Выходя за рамки чисто военной сферы, Гинденбург (и Гренер) также призывал к созыву Национального собрания уже в декабре. Гренер ранее уже пытался добиться отзыва депутатов рейхстага в надежде, что его буржуазные элементы могут быть мобилизованы на сдерживание распространения влияния социалистов. Он потерпел неудачу, но теперь надеялся повернуть социалистическую волну вспять с помощью Национального собрания. Письмо Гинденбурга заканчивалось в том же снисходительном тоне, в каком и начиналось:
«<Судьба немецкого народа в ваших руках. От вашего решения зависит, вернет ли Германия себе былое величие. Я готов, а вместе со мной и вся армия, оказать вам неограниченную помощь. Мы все знаем, что после прискорбного окончания войны рейх должен быть построен на новом фундаменте и в новых формах.
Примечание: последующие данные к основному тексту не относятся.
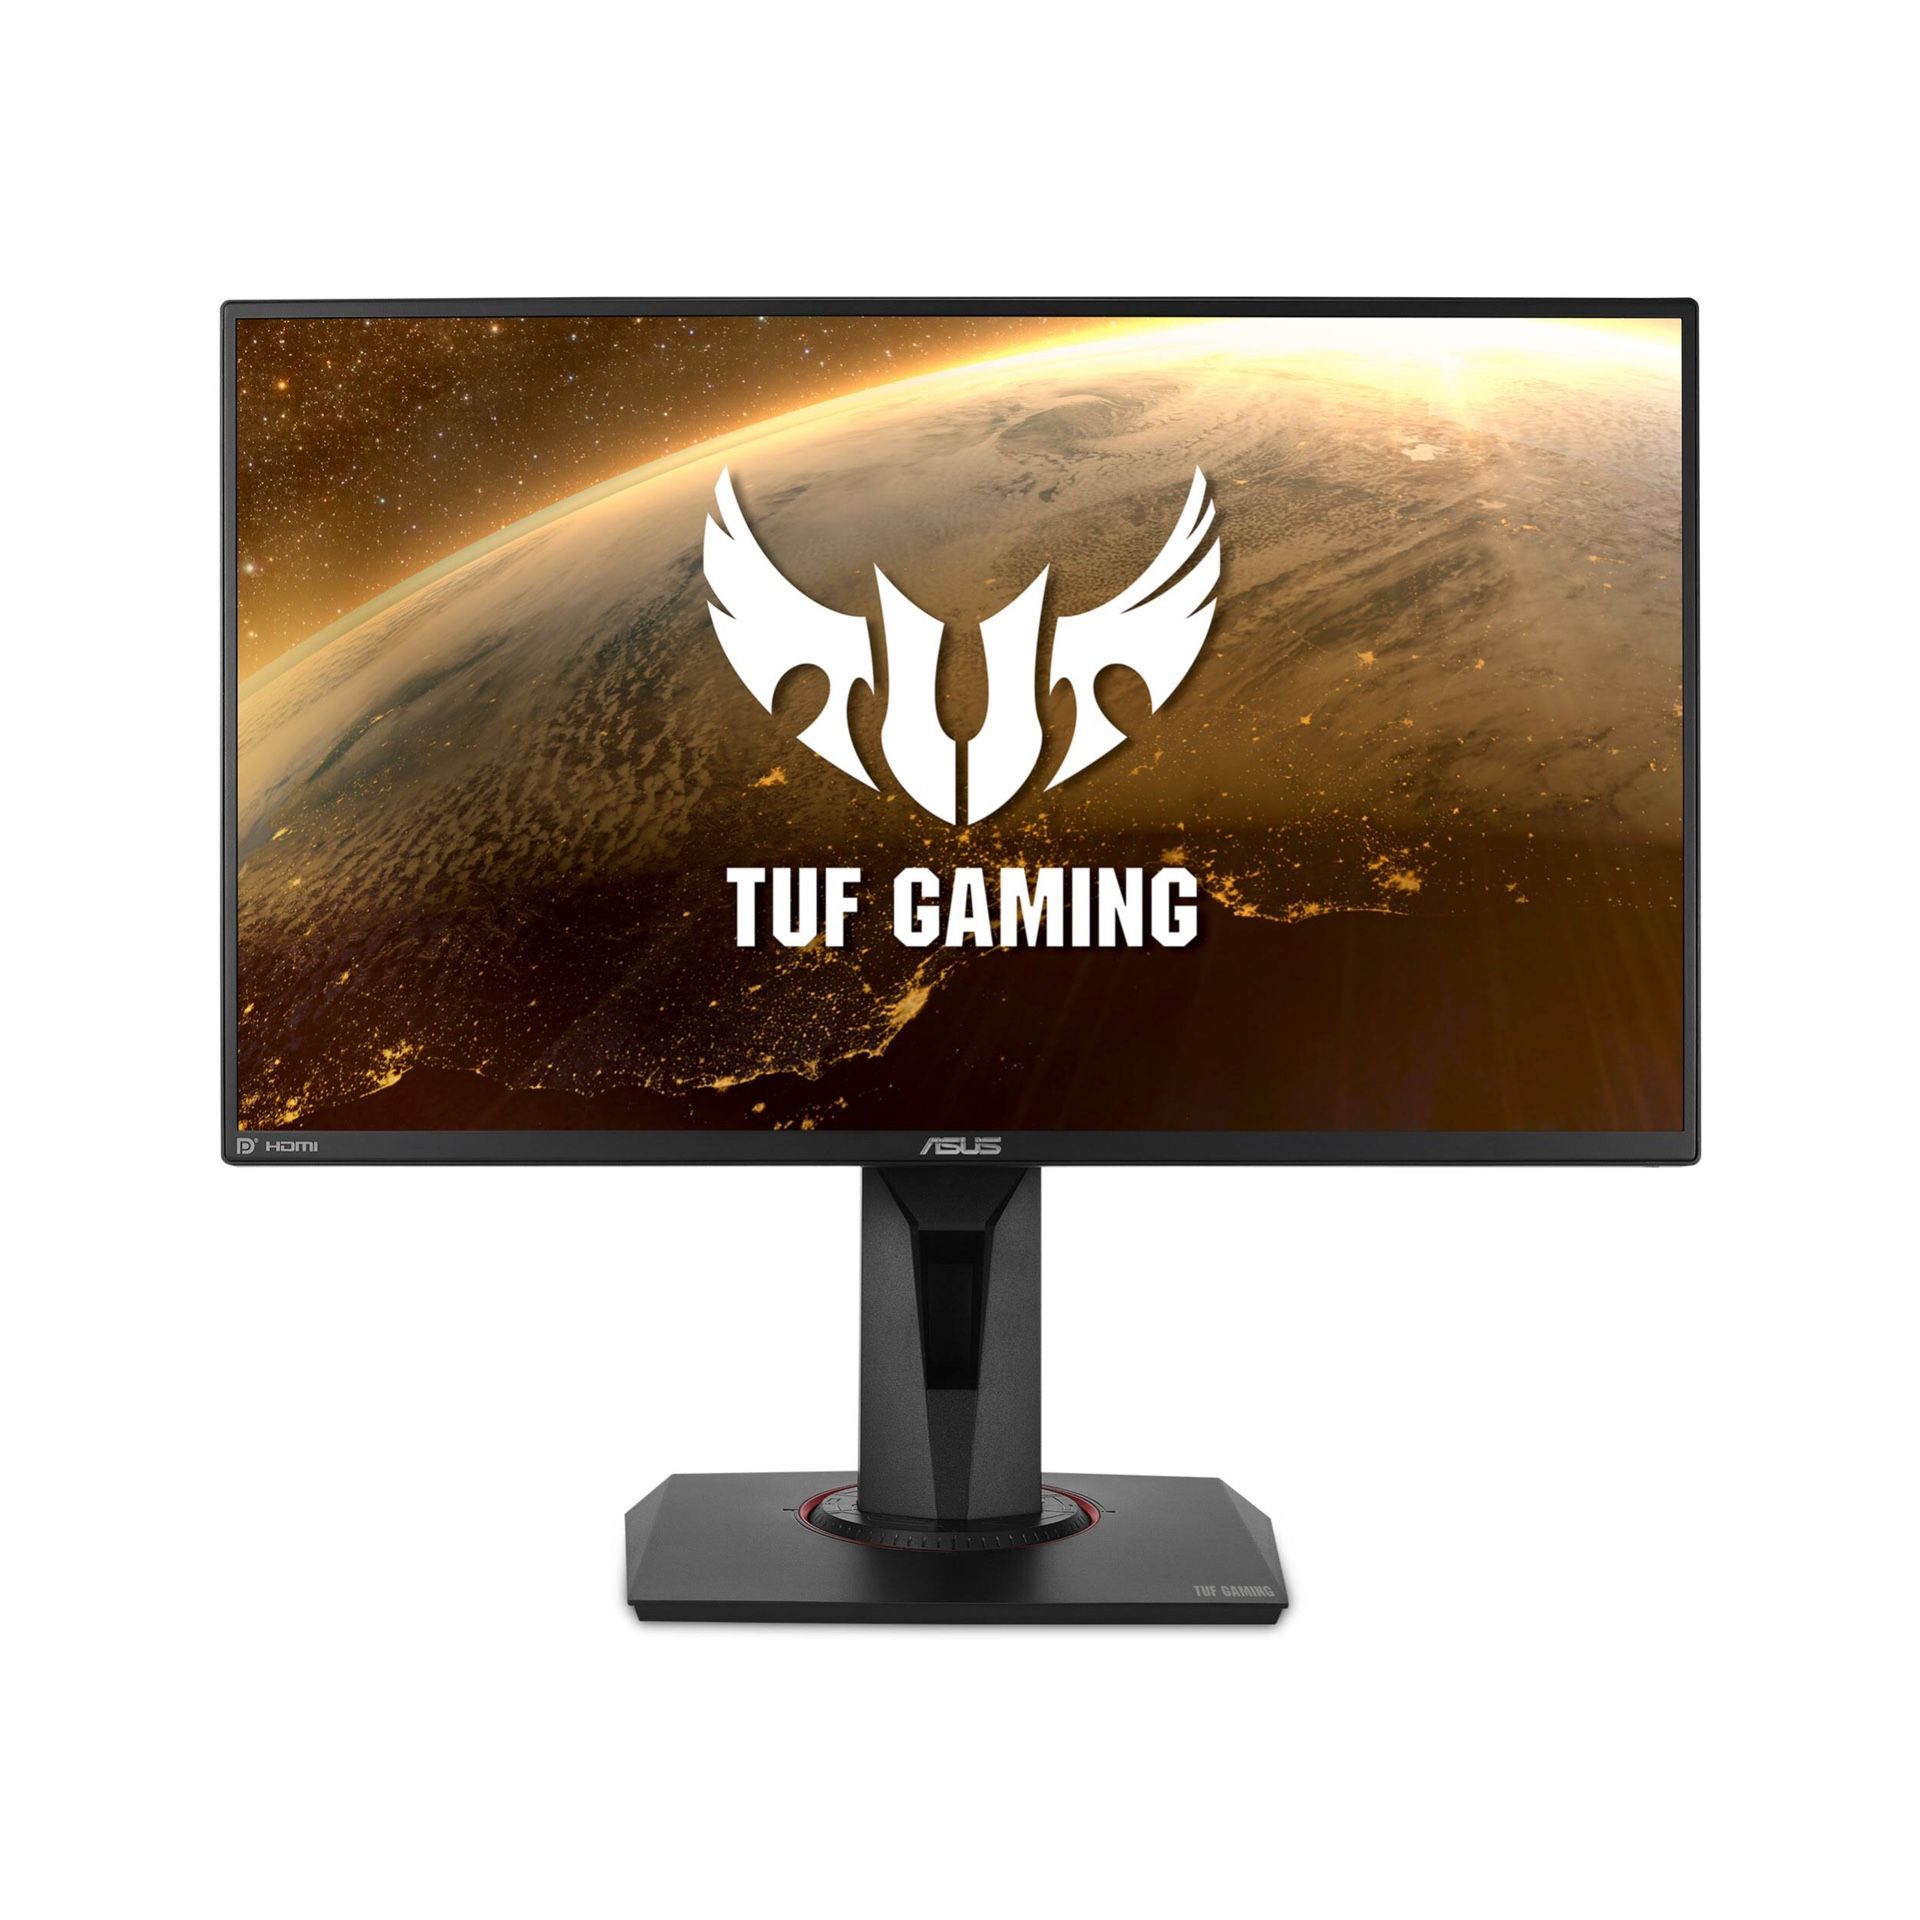 ASUS - TUF Gaming VG249Q 144Hz 23.8” IPS LCD FHD 1ms FreeSync Gaming Monitor - Black

Мы стремимся не позволить задержать возрождение государства на поколение или даже больше, что непременно произойдет, если разрешить слепоте и глупости уничтожить все основы нашей социальной и экономической жизни.
Я знаю, что радикалы нападают на меня, голословно утверждая, что я вмешиваюсь в политику. Но я сердцем чувствую, что должен поднять в разговоре с вами эти вопросы. Желаю вам силы и уверенности в дальнейших действиях».
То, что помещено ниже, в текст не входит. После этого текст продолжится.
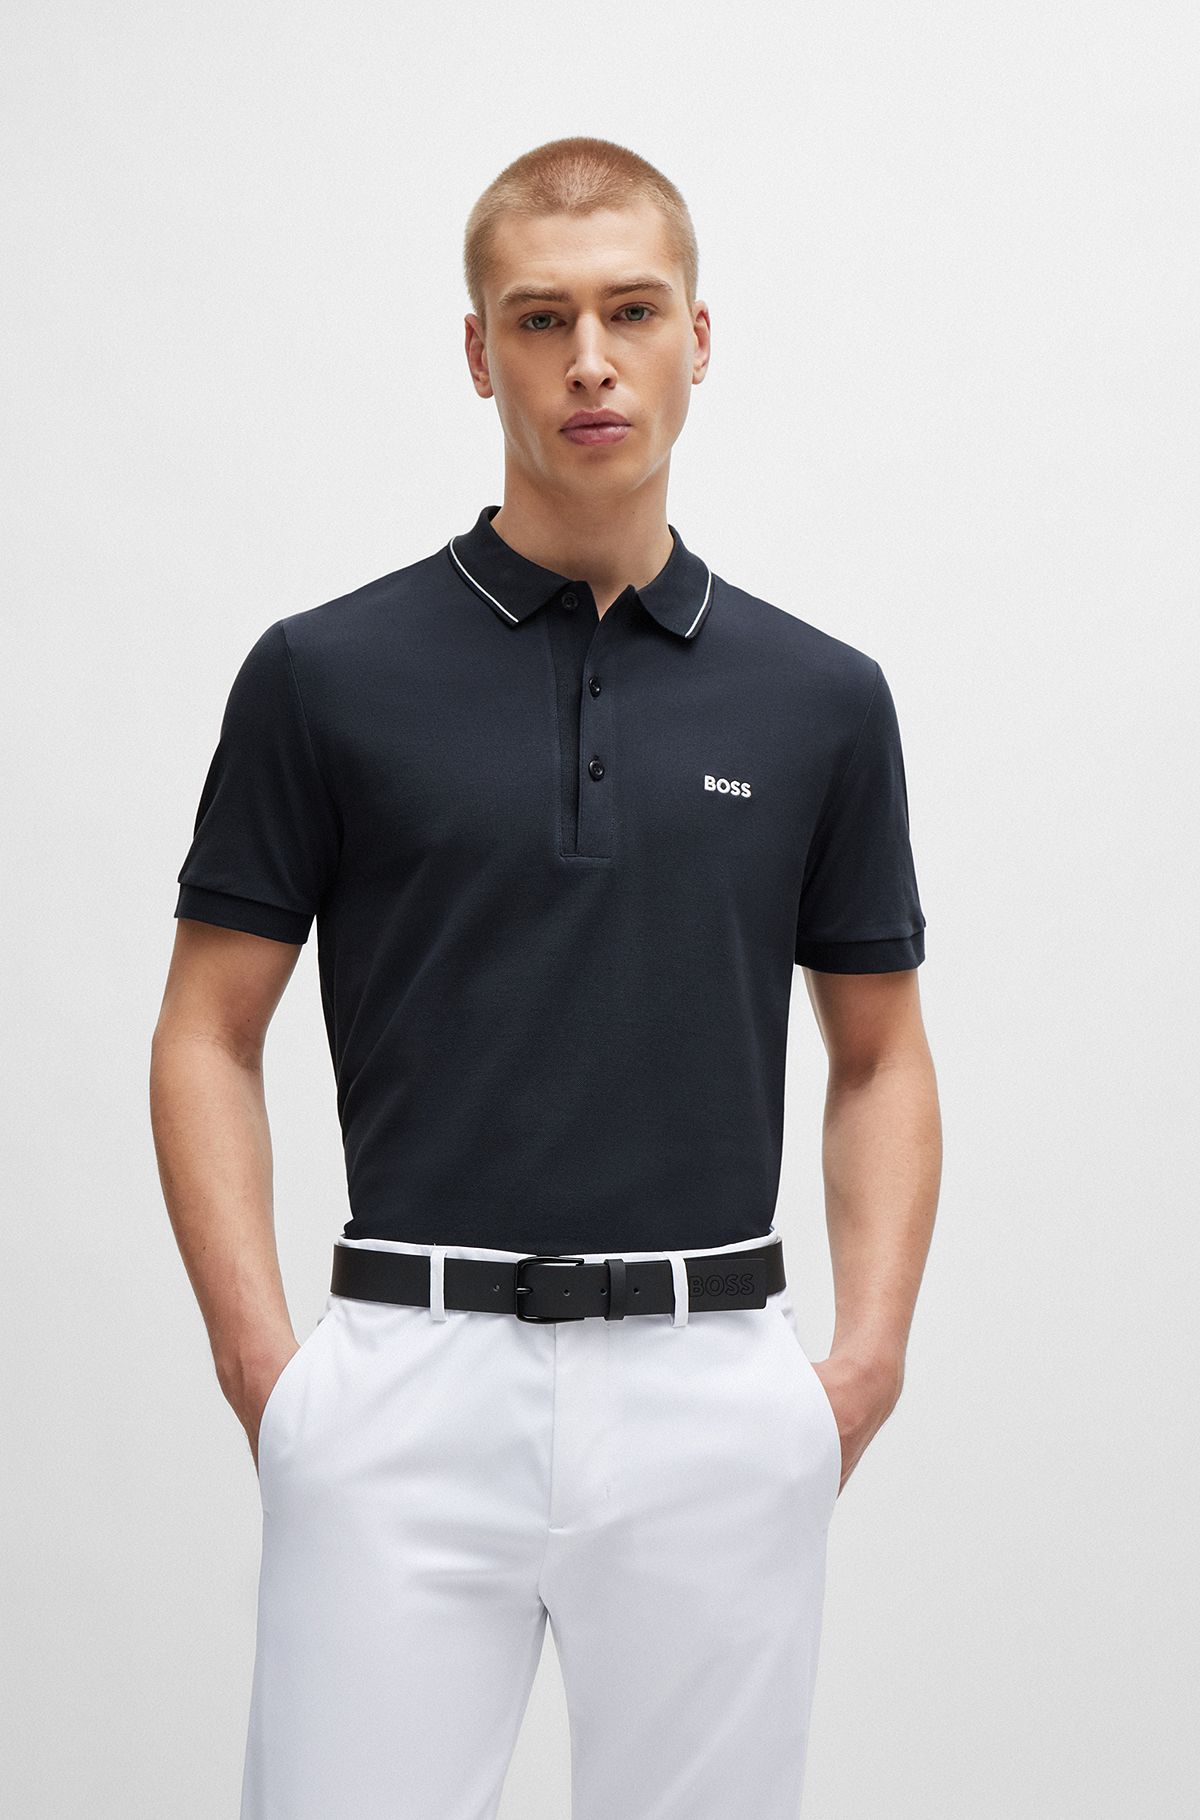 HUGO BOSS Polo Shirts – Elaborate designs | Men

Ответ Эберта был весьма уклончив, когда же Гренер пригрозил, что будет действовать по своему усмотрению, было получено разрешение на ввод войск в столицу при полном вооружении. Однако сразу же возникли трудности. Через несколько дней после входа войск в Берлин там собрался Первый национальный съезд рабочих и солдатских советов. Основная часть делегатов принадлежала к умеренным социалистам большинства, независимые социалисты контролировали не более двадцати процентов голосов, а спартаковцев представляла лишь жалкая кучка делегатов. Не обошлось без бурных выступлений, но большинство делегатов, желая восстановить нормальные условия существования и законность, приняли решение провести выборы в Национальное Учредительное собрание в течение месяца. Избранный центральный совет был уполномочен осуществлять надзор за политикой правительства, не вмешиваясь при этом в ее осуществление.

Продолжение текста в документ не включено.